Düzensiz Adet Kısırlık Belirtisi Olabilir Kadın Hastalıkları ve Doğum kadınlar,adet görme,yumurtlama,yumurtalık,hormonlar,polikistik over sendromuYumurtlama; üreme çağındaki kadınların her ay yumurtalarından bir veya bazen de iki yumurta hücresinin olgunlaşıp, yumurtalık dışına atılması ve tüplerden alınarak rahme taşınmasıdır.





Yumurtlama olabilmesi için kadının hormon dengesinin normal olması gerekiyor. Hormonlar eğer düzenli çalışıyorsa, her ay bir yumurtalıktan yumurtlama olur. Bir ay birinden yumurtlama olurken, diğer ay öbür yumurtalık dinlenir. Yani aynı anda iki yumurtalıktan birden yumurtlama olmaz.



*Yumurtlamanın Olup Olmadığı Nasıl Anlaşılır?

Kadının her ay adetinin 13. günü ila 17. günü arasında yumurtlama ağrısı dediğimiz bir ağrı oluşur. Kadın, her ay karnının bir tarafında gelip geçici, şiddetli olmayan bir ağrı tarif eder. Bu ağrı yumurtlamayı gösterebilir. Bu ağrı, kadınların hepsinde vardır ama ancak %60-70 i belirgin bir şekilde hissedebilir. Yani, kadınlar bazen yumurtlamayı kendileri bile hissedebilir. Kadınlarda yine adetin 13. ve 17. günleri arasında, yumurtlamadan dolayı kadınlık hormonları arttığı için rahim ağzı sıvı miktarı ve akışkanlığı da artar. Kadınlar bu dönemlerde sümüksü bir akıntının arttığını fark eder. Bu da kadınlarda yumurtlamayı gösteren bir belirtidir. Onun dışında biz doktorlar ise farklı yöntemler uygularız. Örneğin; ultrasonda yumurtlamanın olup olmadığını tespit edebiliriz. Yumurtanın gelişimini ve çapını ölçeriz. Yumurtanın 18-20 milimetre çapa gelmesi de kadında yumurtlama olduğunu gösterir. Ayrıca kadınlarda vücut ısısı da yumurtlamanın göstergelerinden biridir.

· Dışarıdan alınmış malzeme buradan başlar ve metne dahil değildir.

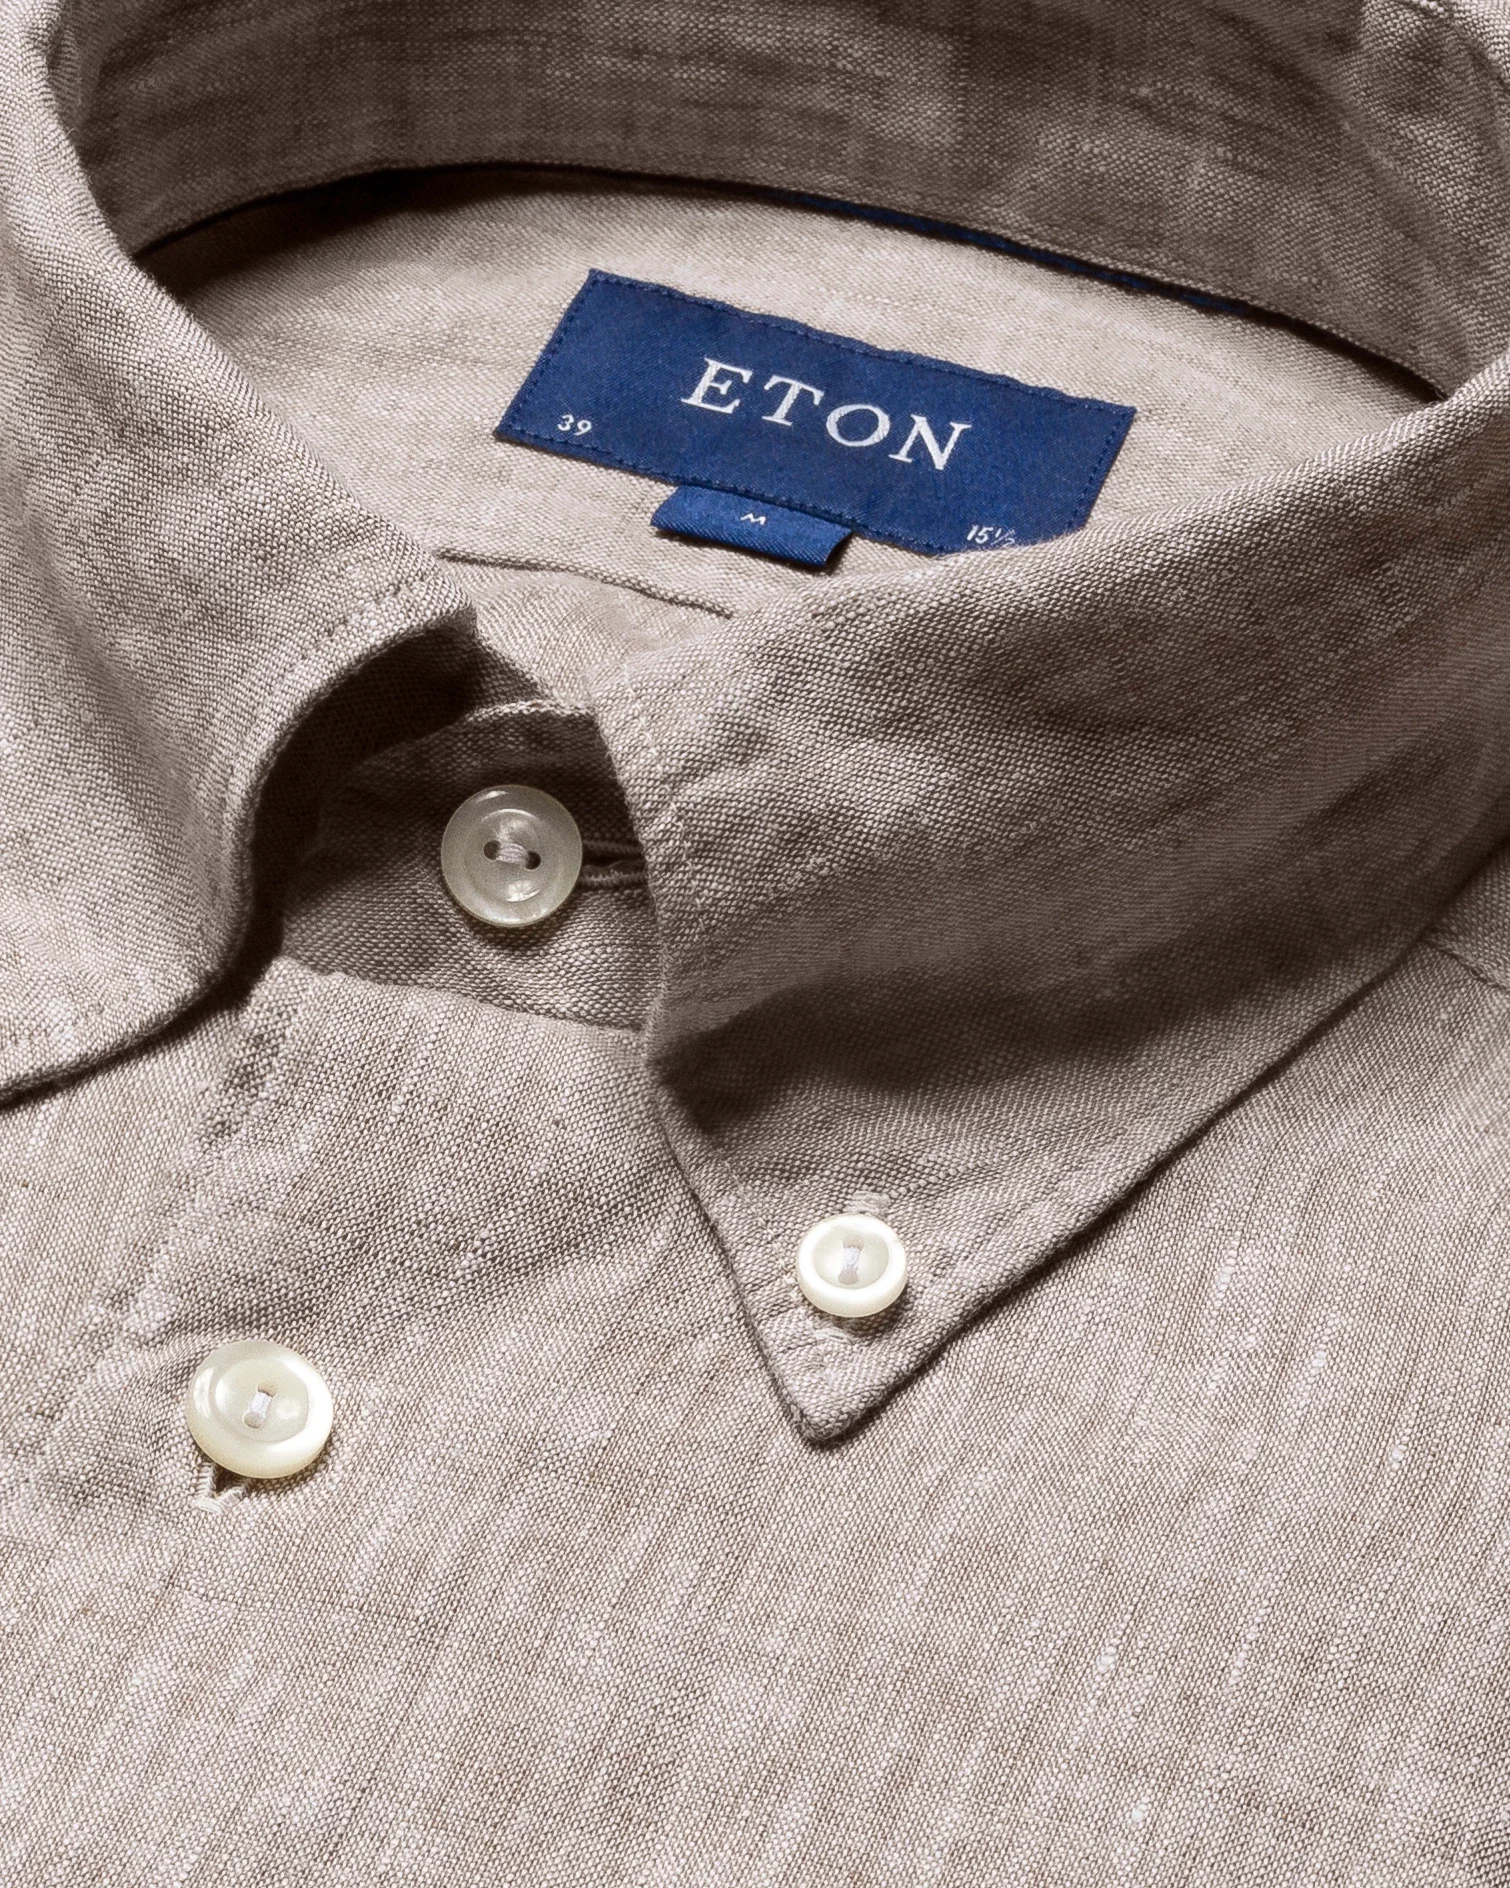 Eton - brown linen shirt short sleeve

Kadınlar kendileri, adetlerinin başından itibaren her akşam vücut ısılarını termometre ile koltuk altı veya ağız içinden ölçebilirler. Genellikle adetlerinin 13. ve 17. günleri arasında ateş yarım veya 1 derece artış gösterir. Bu grafik de kadınlarda yumurtlamanın olduğuna dair bir kanıttır. Ayrıca rahim içi doku gelişmesinin artması, yani dokunun kalınlığının artması da yumurtlamanın göstergelerinden biridir. Kadınların adetlerinin 21-22. günleri arasında progestron hormonunun artışı da bize yumurtlamanın olduğunu gösterir. Ayrıca rahim içi dokudan adete bir-iki gün kala parça alarak tahlile göndeririz ve tahlil sonucunda rahim içi dokudaki hormonal değişimlere bakarak yumurtlama olup olmadığını anlarız.



*Yumurta Bozukluğu Nedir ve Nedenleri Nelerdir?

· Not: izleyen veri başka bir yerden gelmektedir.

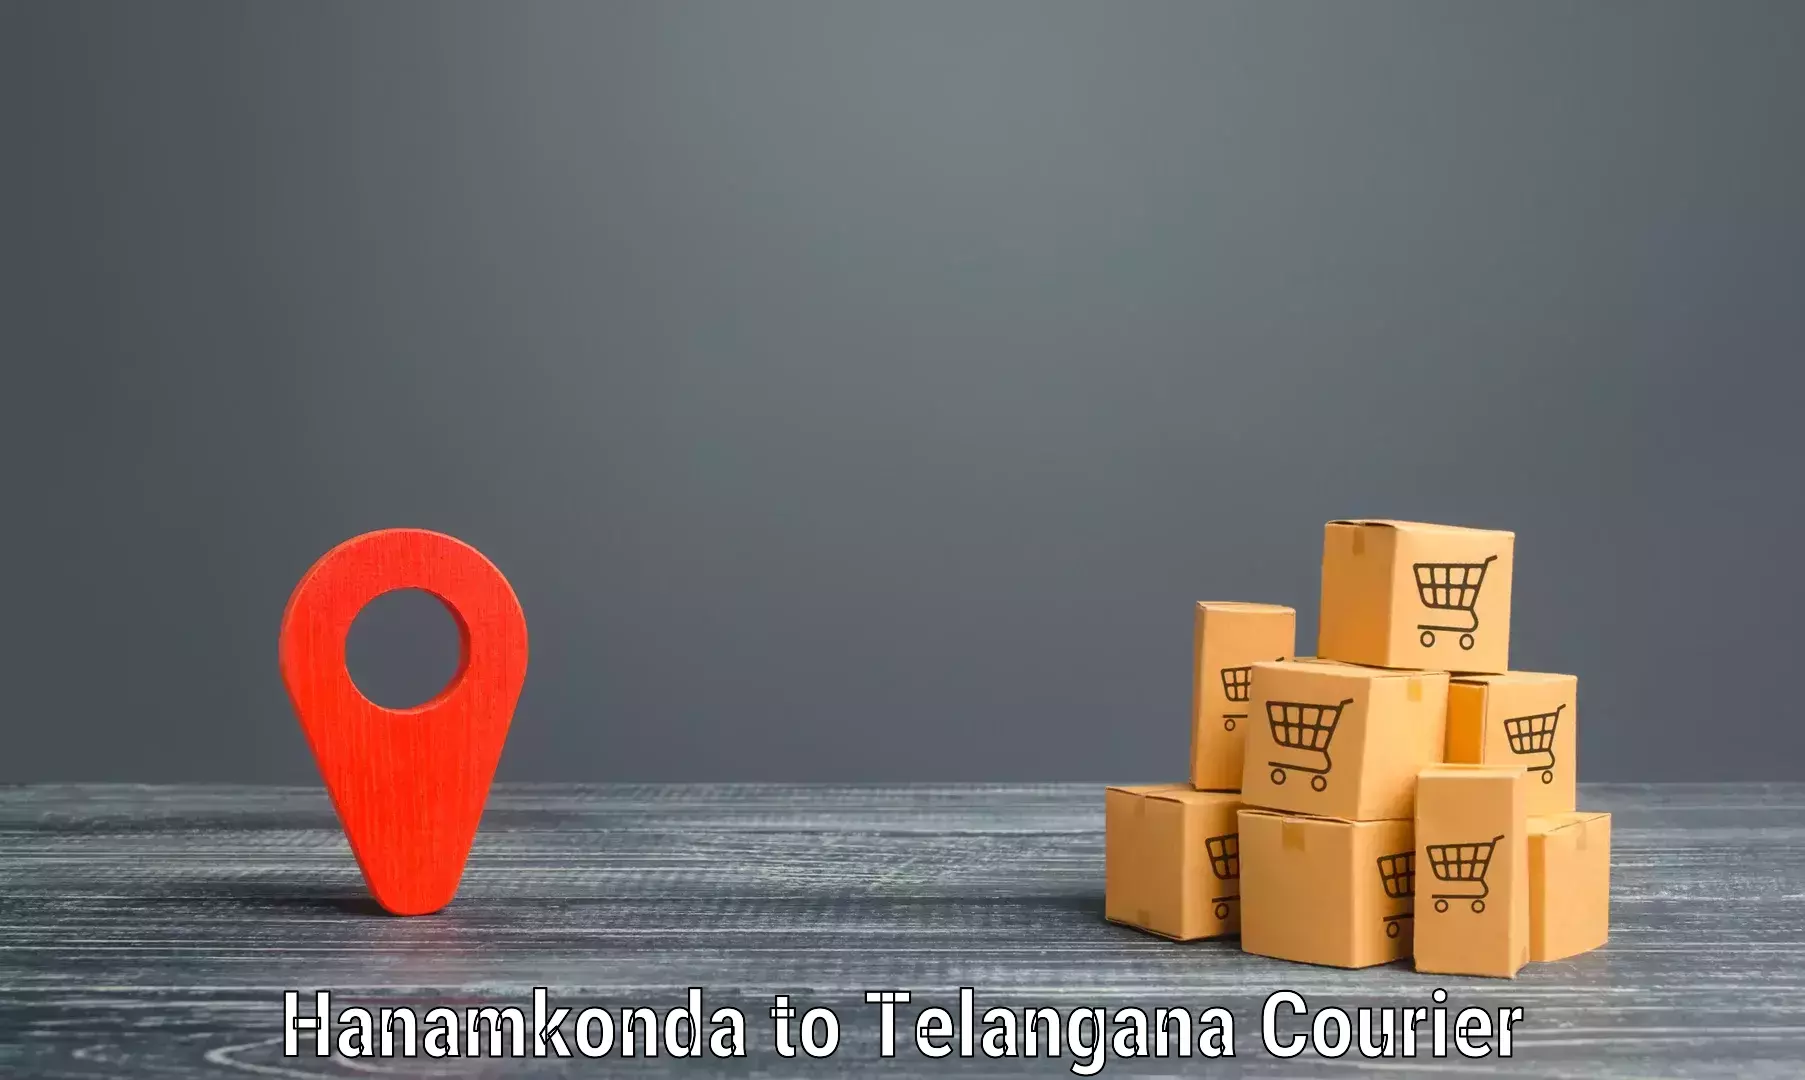 Optimized delivery routes in Hanamkonda to Bellampalli

Kadında yumurtlama; beynimizdeki hipofiz bezinden salgılanan FSH ve LH adlı hormonların yumurtalıkları uyarması ve 10-12. günde yumurta hücresinin gelişmesi şeklinde olur. Bu düzenekte bir bozukluk varsa, yani beyindeki hipofiz bezi ile yumurtalık arasındaki ilişkiyi bozan bir faktör varsa o zaman yumurtlama bozukluğu olur. Bu faktörleri şöyle özetleyebiliriz:

-Beynimizde hipofiz bezinde küçük tümörler varsa,

-Yumurtalıkta kist veya tümörler varsa,

-Yumurtalığın kendisinde hormon bozuklukları varsa,

-Beynimizde guatr hormon bozuklukları varsa (özellikle hipotiroidi ve hipertiroidi),

-Böbrek üstü bezlerinin mekanizmasında bozukluk varsa,

bunlar da yumurtlamayı bozar. Böbreküstü bezinden salgılanan androjen hormonu dediğimiz erkeklik hormonları, yumurtalığın yapısını bozarak, yumurta gelişimini ve dolayısıyla da yumurtlamayı engeller. Bunların dışında; stres, sıkıntılar, ölümler, üzüntüler, boşanmalar, ayrılmalar, savaş gibi durumlar yani sinire ve strese bağlı durumlar da yumurtlamayı bozar. Onun dışında yine "Polikistik Over Sendromu" da (PKOS) aynı şekilde yumurtlamayı bozan nedenlerin başında gelir. Öte yandan diğer hormon bozuklukları, kullanılan bazı ilaçlar ve yumurtalık tümörleri de yumurtlamayı engelleyebilir.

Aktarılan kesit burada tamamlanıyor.